Again, the proofs showed that a furnace properly placed, of capacity adequate to heat the house suitably, was worth one hundred and eighty dollars to one hundred and eighty-five dollars. That to remove the furnace furnished by defendant was worth ten dollars. There was a variation from the actual value from fifty to seventy-five dollars, and the plaintiff offered to show its limit of value was what it would bring for old iron, but that was excluded.

If the defendant omitted to comply with its contract, the plaintiff was entitled to recover in any event what he had paid on its purchase price. If, notwithstanding its defective condition, he had accepted and paid for it, he could recover as a legitimate result of the breach the difference in value between the furnace provided for in the contract and the one foisted on him by the defendant. It is not necessary that the complaint be dubbed in specific terms an action for breach of warranty to permit the plaintiff to obtain his damages. The facts are alleged and the breach appears, and, without christening the cause of action by a legal cognomen, a recovery is permissible for the loss flowing therefrom.

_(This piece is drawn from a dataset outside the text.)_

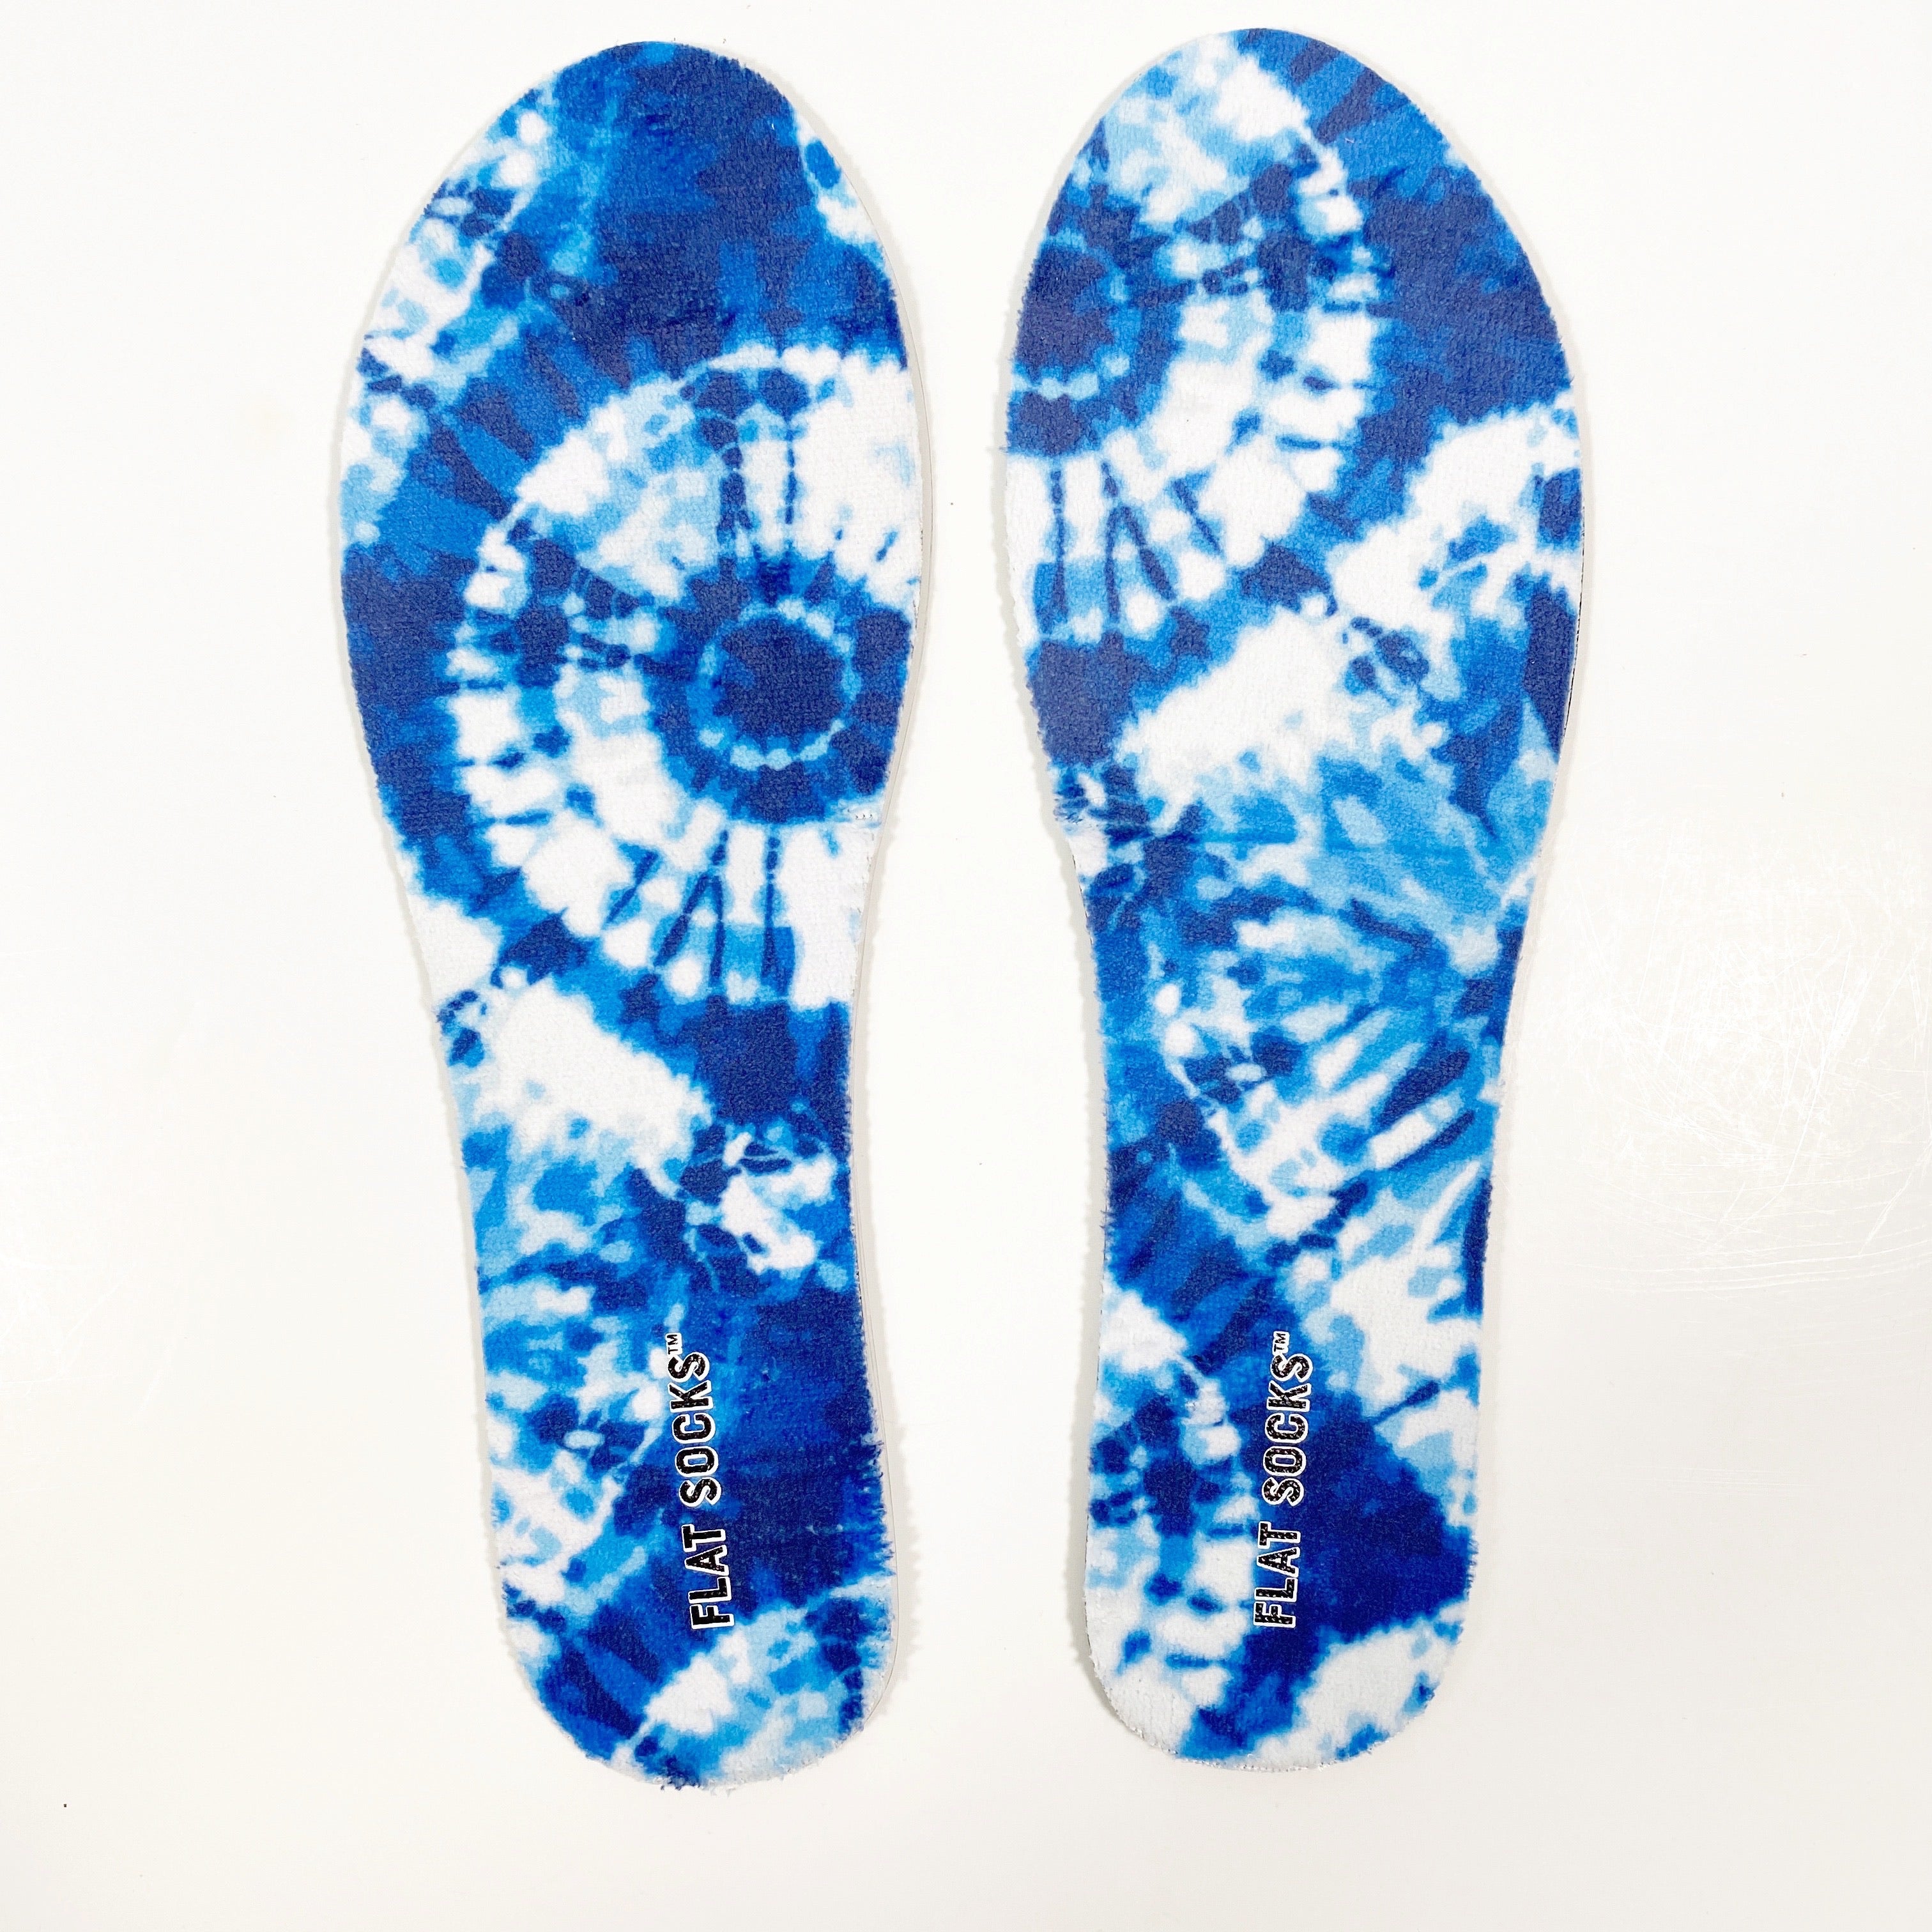 Terry Flat Socks - Blue Tie Dye - The Storehouse Flats

*612The plaintiff alleged and proved a cause of action, and if there was a hiatus in his complaint, inasmuch as the proofs were all in the case, an amendment to conform to the facts would have been very proper.

The judgment should be reversed and a new trial ordered, with costs to the appellant to abide the event.

All concurred.

Judgment and order reversed and a new trial ordered', with costs to the appellant to abide the event.